**Assignment**
Your answer should consist of the line holding "His Majesty, the Certosa di Pavia..." and all lines after it to the end of the material, copied exactly.

**Records for this exercise**
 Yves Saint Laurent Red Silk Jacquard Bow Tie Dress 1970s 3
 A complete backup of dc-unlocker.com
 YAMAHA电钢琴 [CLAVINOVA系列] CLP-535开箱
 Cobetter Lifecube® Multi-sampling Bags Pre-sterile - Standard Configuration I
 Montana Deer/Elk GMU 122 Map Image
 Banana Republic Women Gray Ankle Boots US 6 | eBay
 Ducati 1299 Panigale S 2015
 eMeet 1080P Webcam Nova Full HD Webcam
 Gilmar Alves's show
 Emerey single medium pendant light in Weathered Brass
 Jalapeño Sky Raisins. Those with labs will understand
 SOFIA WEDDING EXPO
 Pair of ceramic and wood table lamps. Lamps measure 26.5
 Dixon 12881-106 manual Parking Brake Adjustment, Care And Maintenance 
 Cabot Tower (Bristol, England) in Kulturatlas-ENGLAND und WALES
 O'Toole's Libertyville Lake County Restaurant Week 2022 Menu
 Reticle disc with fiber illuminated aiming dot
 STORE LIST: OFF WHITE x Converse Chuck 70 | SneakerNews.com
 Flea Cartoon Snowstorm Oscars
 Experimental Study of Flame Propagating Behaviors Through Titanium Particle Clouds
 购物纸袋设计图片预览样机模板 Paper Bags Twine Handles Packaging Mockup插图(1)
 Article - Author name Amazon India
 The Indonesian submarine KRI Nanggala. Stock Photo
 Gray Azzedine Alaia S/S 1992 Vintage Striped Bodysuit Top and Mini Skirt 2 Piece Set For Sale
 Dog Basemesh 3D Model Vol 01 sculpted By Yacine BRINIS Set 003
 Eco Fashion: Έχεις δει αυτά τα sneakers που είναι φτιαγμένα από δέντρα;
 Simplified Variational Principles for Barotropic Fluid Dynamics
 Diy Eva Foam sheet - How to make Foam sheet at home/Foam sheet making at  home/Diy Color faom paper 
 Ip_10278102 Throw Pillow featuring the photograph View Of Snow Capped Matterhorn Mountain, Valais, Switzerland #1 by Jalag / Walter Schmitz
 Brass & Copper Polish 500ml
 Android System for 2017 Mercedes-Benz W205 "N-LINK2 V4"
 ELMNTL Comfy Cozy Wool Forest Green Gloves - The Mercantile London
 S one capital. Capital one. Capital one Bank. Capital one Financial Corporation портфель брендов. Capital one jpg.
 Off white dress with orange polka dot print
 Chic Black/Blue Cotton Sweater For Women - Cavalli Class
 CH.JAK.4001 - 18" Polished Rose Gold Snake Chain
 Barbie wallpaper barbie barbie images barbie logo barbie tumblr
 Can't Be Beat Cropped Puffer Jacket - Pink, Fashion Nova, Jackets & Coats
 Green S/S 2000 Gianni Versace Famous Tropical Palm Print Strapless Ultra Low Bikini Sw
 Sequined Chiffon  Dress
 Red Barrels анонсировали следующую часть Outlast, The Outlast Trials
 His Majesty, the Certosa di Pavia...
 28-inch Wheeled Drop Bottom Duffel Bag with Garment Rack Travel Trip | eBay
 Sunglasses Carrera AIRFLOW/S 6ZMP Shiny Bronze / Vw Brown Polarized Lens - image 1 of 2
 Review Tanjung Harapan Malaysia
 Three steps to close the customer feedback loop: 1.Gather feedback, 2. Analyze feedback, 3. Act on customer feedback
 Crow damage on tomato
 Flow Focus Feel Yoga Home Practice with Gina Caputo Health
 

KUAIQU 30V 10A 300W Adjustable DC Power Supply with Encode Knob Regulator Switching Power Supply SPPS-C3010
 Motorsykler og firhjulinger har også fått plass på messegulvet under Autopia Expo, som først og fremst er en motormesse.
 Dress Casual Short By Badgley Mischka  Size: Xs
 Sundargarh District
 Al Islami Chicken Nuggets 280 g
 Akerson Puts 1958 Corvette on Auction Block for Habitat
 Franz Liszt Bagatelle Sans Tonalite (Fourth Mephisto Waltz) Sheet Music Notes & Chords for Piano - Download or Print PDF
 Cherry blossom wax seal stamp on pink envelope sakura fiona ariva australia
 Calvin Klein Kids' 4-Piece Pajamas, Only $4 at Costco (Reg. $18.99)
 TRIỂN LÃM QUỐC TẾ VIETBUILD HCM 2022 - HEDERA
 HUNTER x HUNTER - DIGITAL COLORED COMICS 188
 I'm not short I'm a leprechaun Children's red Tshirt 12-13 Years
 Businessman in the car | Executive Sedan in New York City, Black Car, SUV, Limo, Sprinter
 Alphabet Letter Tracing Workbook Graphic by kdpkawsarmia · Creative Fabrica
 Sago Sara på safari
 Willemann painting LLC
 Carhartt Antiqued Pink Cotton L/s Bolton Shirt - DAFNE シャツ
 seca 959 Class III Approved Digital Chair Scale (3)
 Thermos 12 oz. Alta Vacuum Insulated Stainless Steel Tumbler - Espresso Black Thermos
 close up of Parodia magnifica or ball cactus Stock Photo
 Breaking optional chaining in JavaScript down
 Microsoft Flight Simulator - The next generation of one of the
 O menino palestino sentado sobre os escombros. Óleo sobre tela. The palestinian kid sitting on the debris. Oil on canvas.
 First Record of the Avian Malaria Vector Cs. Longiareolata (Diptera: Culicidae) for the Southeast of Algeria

**Exercise output**
 His Majesty, the Certosa di Pavia...
 28-inch Wheeled Drop Bottom Duffel Bag with Garment Rack Travel Trip | eBay
 Sunglasses Carrera AIRFLOW/S 6ZMP Shiny Bronze / Vw Brown Polarized Lens - image 1 of 2
 Review Tanjung Harapan Malaysia
 Three steps to close the customer feedback loop: 1.Gather feedback, 2. Analyze feedback, 3. Act on customer feedback
 Crow damage on tomato
 Flow Focus Feel Yoga Home Practice with Gina Caputo Health
 

KUAIQU 30V 10A 300W Adjustable DC Power Supply with Encode Knob Regulator Switching Power Supply SPPS-C3010
 Motorsykler og firhjulinger har også fått plass på messegulvet under Autopia Expo, som først og fremst er en motormesse.
 Dress Casual Short By Badgley Mischka  Size: Xs
 Sundargarh District
 Al Islami Chicken Nuggets 280 g
 Akerson Puts 1958 Corvette on Auction Block for Habitat
 Franz Liszt Bagatelle Sans Tonalite (Fourth Mephisto Waltz) Sheet Music Notes & Chords for Piano - Download or Print PDF
 Cherry blossom wax seal stamp on pink envelope sakura fiona ariva australia
 Calvin Klein Kids' 4-Piece Pajamas, Only $4 at Costco (Reg. $18.99)
 TRIỂN LÃM QUỐC TẾ VIETBUILD HCM 2022 - HEDERA
 HUNTER x HUNTER - DIGITAL COLORED COMICS 188
 I'm not short I'm a leprechaun Children's red Tshirt 12-13 Years
 Businessman in the car | Executive Sedan in New York City, Black Car, SUV, Limo, Sprinter
 Alphabet Letter Tracing Workbook Graphic by kdpkawsarmia · Creative Fabrica
 Sago Sara på safari
 Willemann painting LLC
 Carhartt Antiqued Pink Cotton L/s Bolton Shirt - DAFNE シャツ
 seca 959 Class III Approved Digital Chair Scale (3)
 Thermos 12 oz. Alta Vacuum Insulated Stainless Steel Tumbler - Espresso Black Thermos
 close up of Parodia magnifica or ball cactus Stock Photo
 Breaking optional chaining in JavaScript down
 Microsoft Flight Simulator - The next generation of one of the
 O menino palestino sentado sobre os escombros. Óleo sobre tela. The palestinian kid sitting on the debris. Oil on canvas.
 First Record of the Avian Malaria Vector Cs. Longiareolata (Diptera: Culicidae) for the Southeast of Algeria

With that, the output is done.